Аврелий всегда оказывал мощное очарование на умы выдающихся людей. «Если вы отложите на мгновение созерцание христианских истин, — говорит красноречивый и вдумчивый Монтескье, — поищите по всей природе, и вы не найдете более величественного объекта, чем Антонины... Испытываешь тайное удовольствие, говоря об этом императоре; нельзя читать его жизнь без смягчающего чувства эмоции. Он производит такой эффект на наши умы, что мы думаем лучше о себе, потому что он внушает нам лучшее мнение о человечестве». «Приятнее, — говорит великий историк Нибур, — говорить о Марке Аврелии, чем о любом человеке в истории; ибо если есть какая-то возвышенная человеческая добродетель, то это его. Он был, безусловно, благороднейшим характером своего времени, и я не знаю другого человека, который сочетал бы такую непринужденную доброту, мягкость и смирение с такой добросовестностью и строгостью по отношению к самому себе. Мы обладаем бесчисленными бюстами его, ибо каждый римлянин его времени стремился обладать его портретом, и если где-то есть выражение добродетели, то это в небесных чертах Марка Аврелия».

Марк Аврелий родился 26 апреля 121 года н. э. Его более правильным обозначением было бы Марк Антонин, но поскольку он носил несколько разных имен в разные периоды своей жизни, и поскольку в ту эпоху ничто не было более обычным, чем смена обозначения, вряд ли стоит менять имя, под которым он наиболее популярен. Его отец, Анний Вер, умерший в бытность свою претором, вел свою кровь от ряда прославленных людей, которые претендовали на происхождение от Нумы, второго царя Рима. Его мать, Домиция Кальвилла, также была дамой консульского и царского рода. Характер обоих, кажется, был достоин их высокого достоинства. Об отце он мог знать мало, так как Анний умер, когда Аврелий был еще младенцем; но в своих «Размышлениях» он оставил нам благодарную память о своих родителях. Он говорит, что от деда он научился (или мог бы научиться) хорошим нравам и управлению своим темпераментом; от репутации и памяти об отце — скромности и мужественности; от матери — благочестию, благодеянию и воздержанию не только от злых дел, но даже от злых мыслей; и, далее, простоте жизни, далекой от привычек богатых.

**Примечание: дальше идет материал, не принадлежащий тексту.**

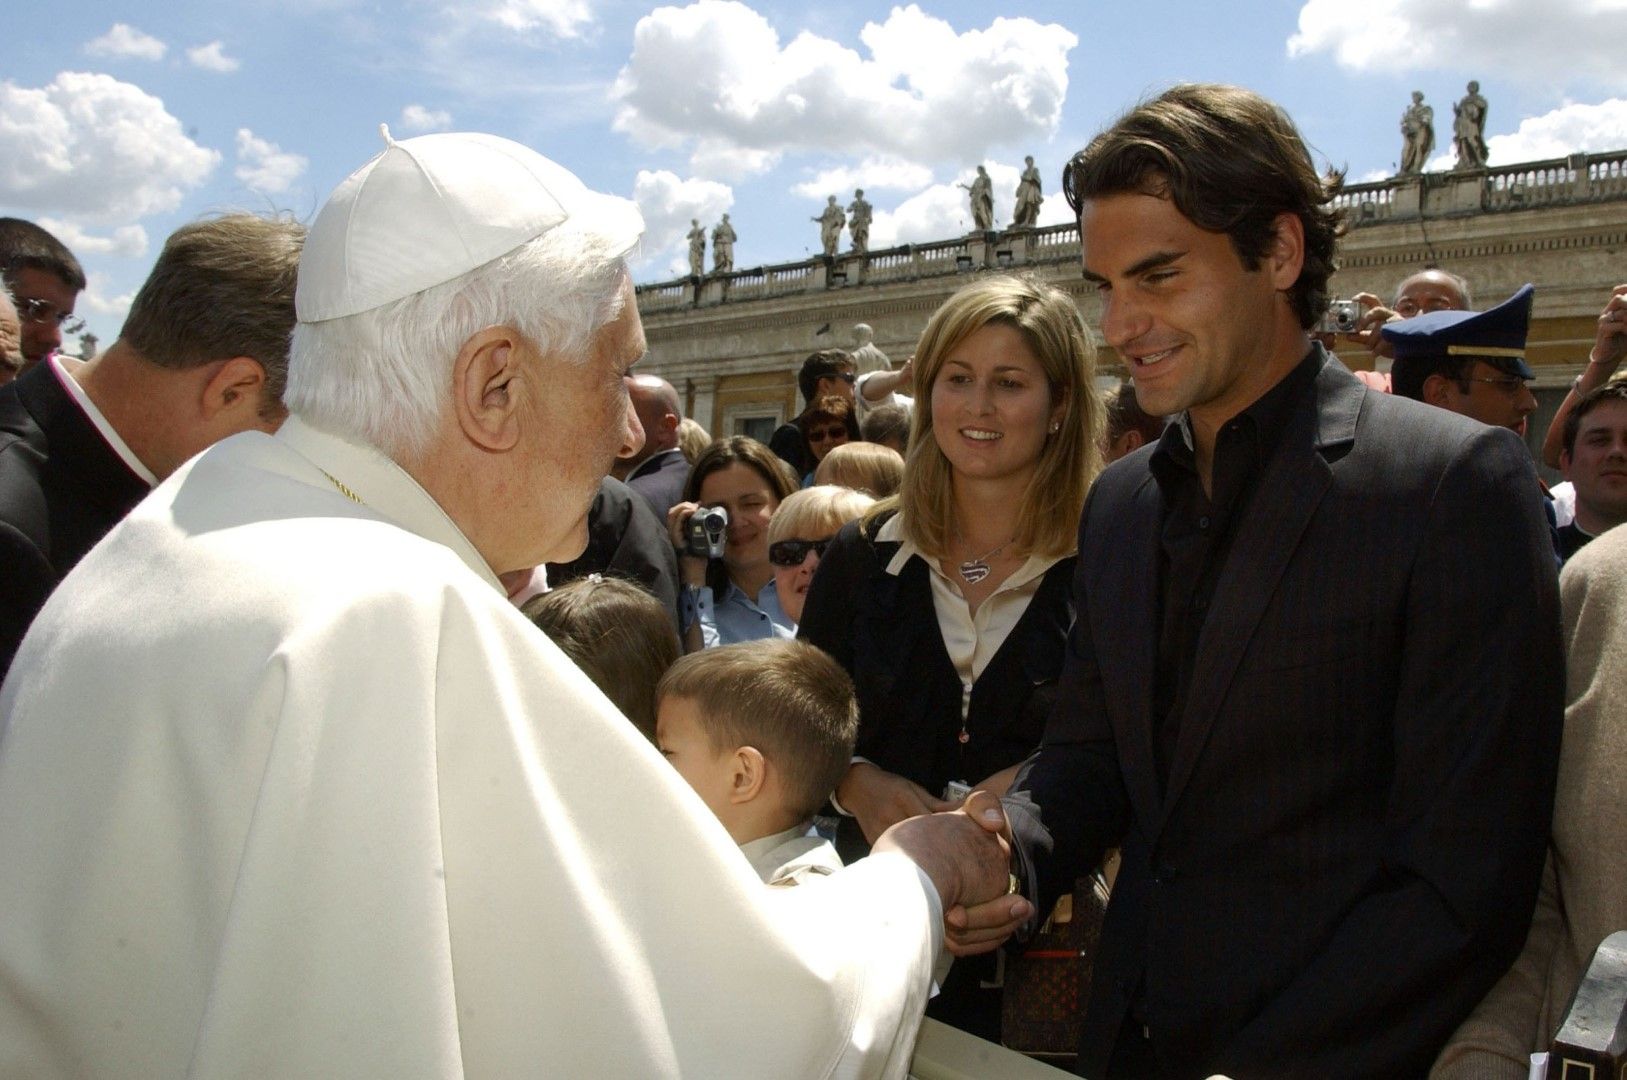 Роджър се срещна с папа Бенедикт при едно от участията си във Вечния град (преди 12 години), но хубавите му моменти в Рим свършват някъде там.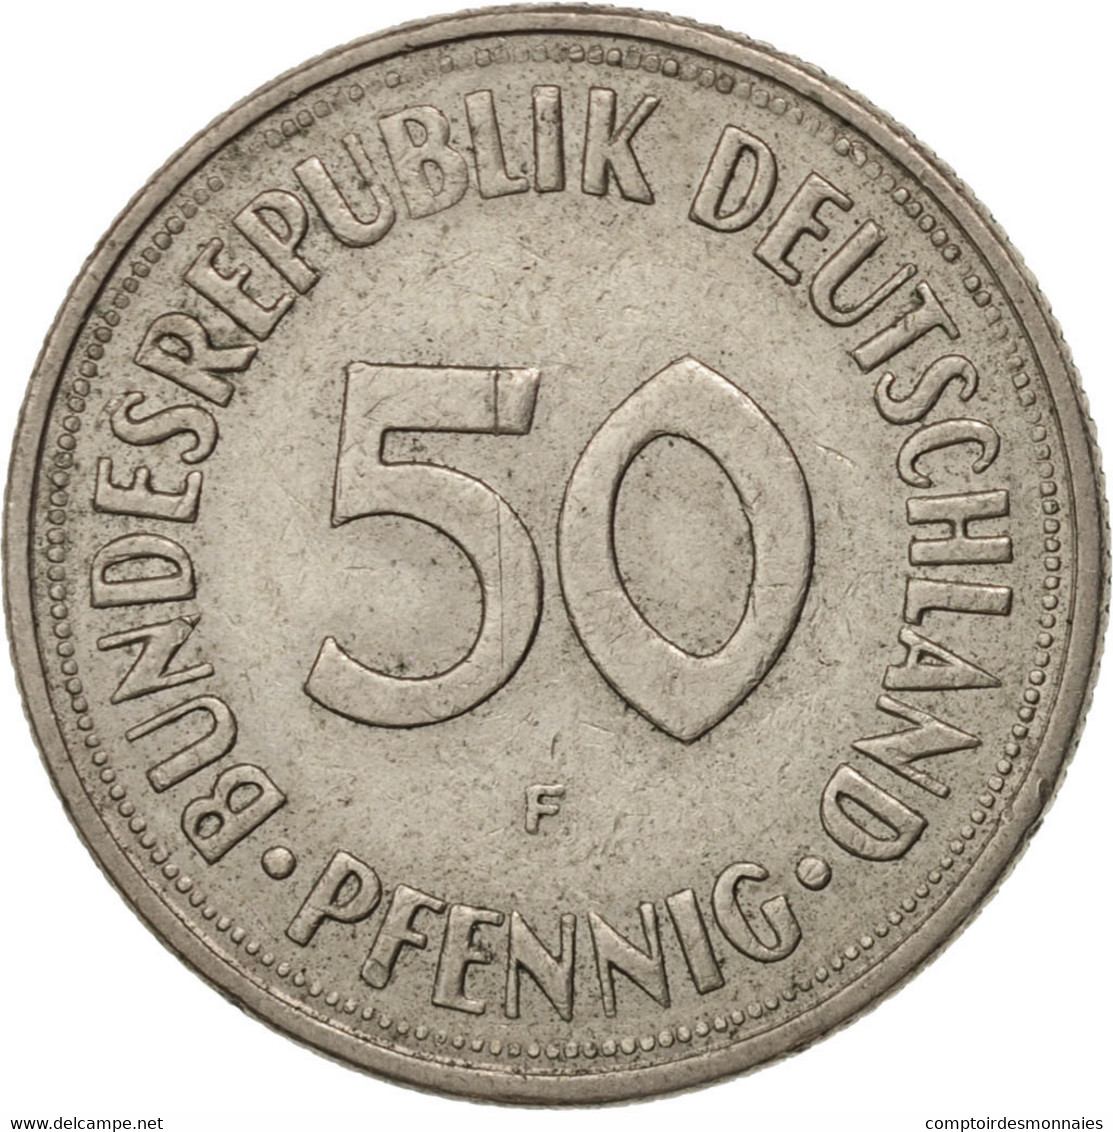 Monnaie, République Fédérale Allemande, 50 Pfennig, 1969, Stuttgart, TTB - 50 Pfennig

Детство и отрочество Аврелия пришлись на правление Адриана. Времена были лучше тех, которые мы рассматривали в правление цезарей. После самоубийства Нерона и коротких правлений Гальбы и Отона римский мир на время вздохнул свободнее при грубом добродушии Веспасиана и философской добродетели Тита. Правление Домициана, который сменил своего брата Тита, было, правда, едва ли менее ужасным и позорным, чем правление Гая или Нерона; но этот принц незадолго до своего убийства увидел во сне, что из его собственной шеи выросла золотая, и истолковал сон как указание на то, что за ним последует лучшая раса принцев. Сон сбылся. Какими бы ни были их другие недостатки, Нерва, Траян, Адриан были мудрыми и добросердечными правителями; Антонин Пий и Марк Аврелий были одними из самых мягких и благородных суверенов, которых когда-либо видел мир.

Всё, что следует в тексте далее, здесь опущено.